[[ GIVEN DATA, beginning ]]
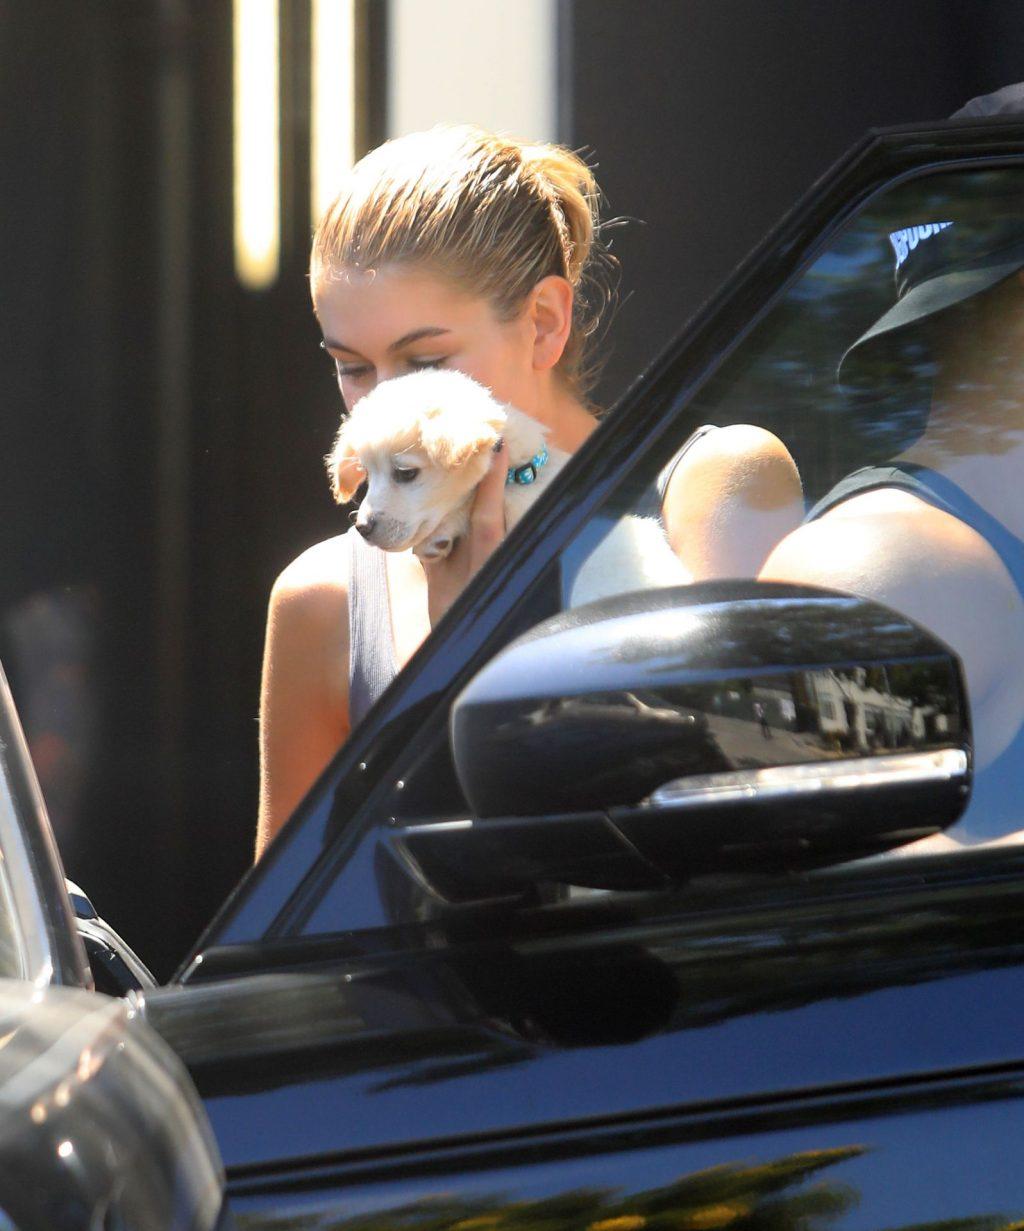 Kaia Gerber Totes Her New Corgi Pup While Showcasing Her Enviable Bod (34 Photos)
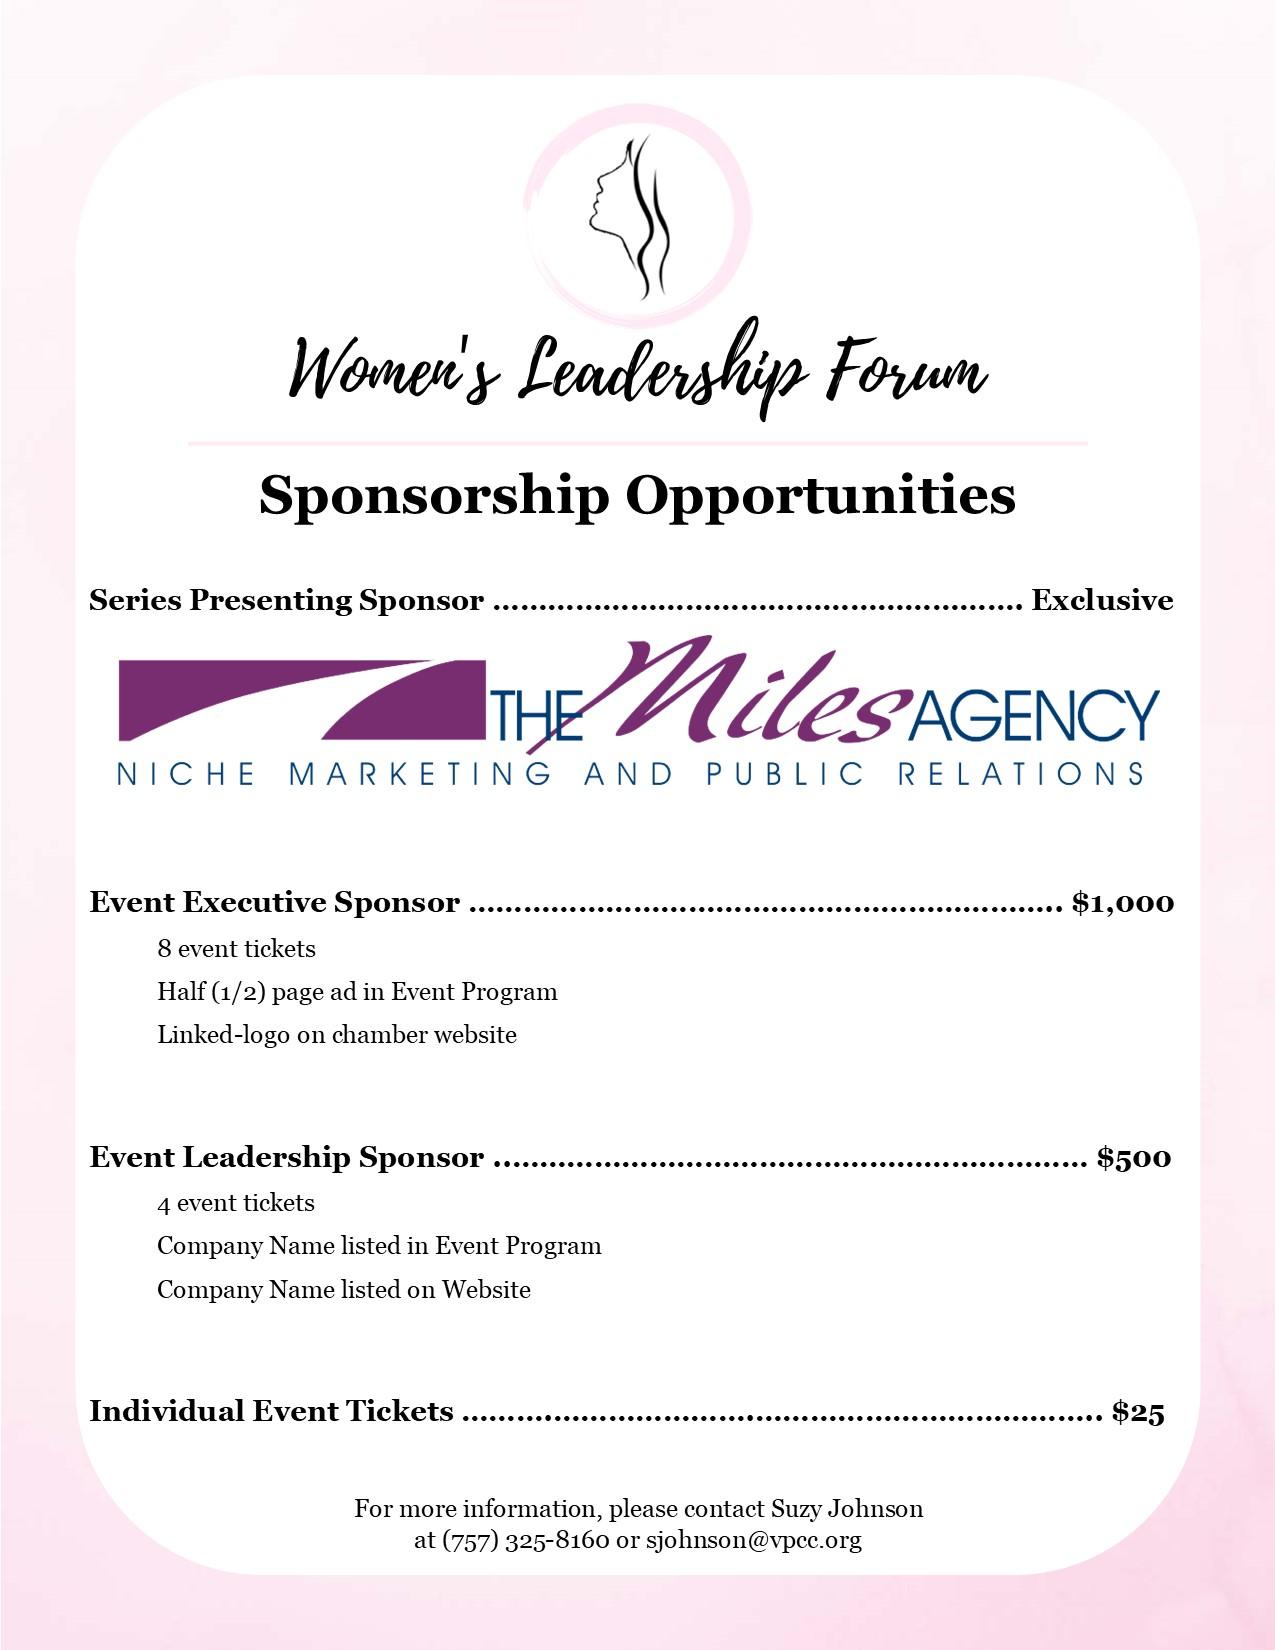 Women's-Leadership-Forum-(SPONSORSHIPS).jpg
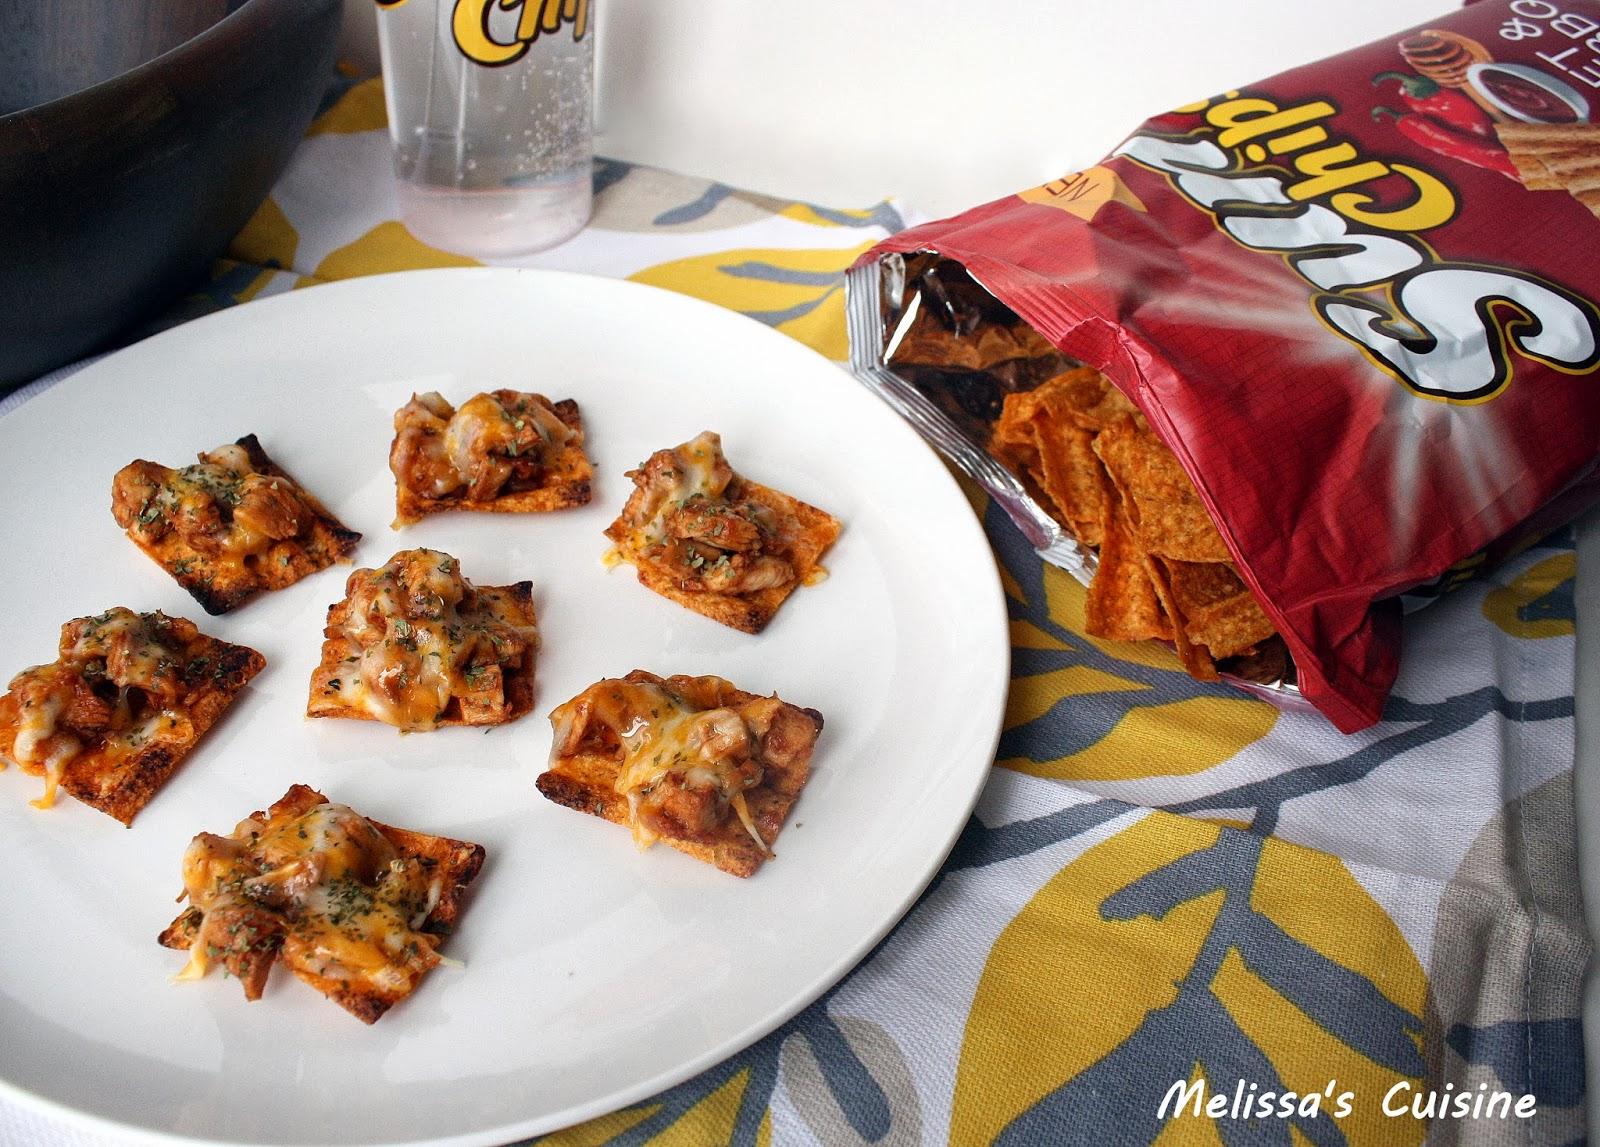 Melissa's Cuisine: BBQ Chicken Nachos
[[ GIVEN DATA, end ]]
▶ _TASK_
Keep every word of the data as it is when you write it out, but drop the pictures.

▶ _SOLUTION TO THIS PROBLEM_
 Kaia Gerber Totes Her New Corgi Pup While Showcasing Her Enviable Bod (34 Photos)
 Women's-Leadership-Forum-(SPONSORSHIPS).jpg
 Melissa's Cuisine: BBQ Chicken Nachos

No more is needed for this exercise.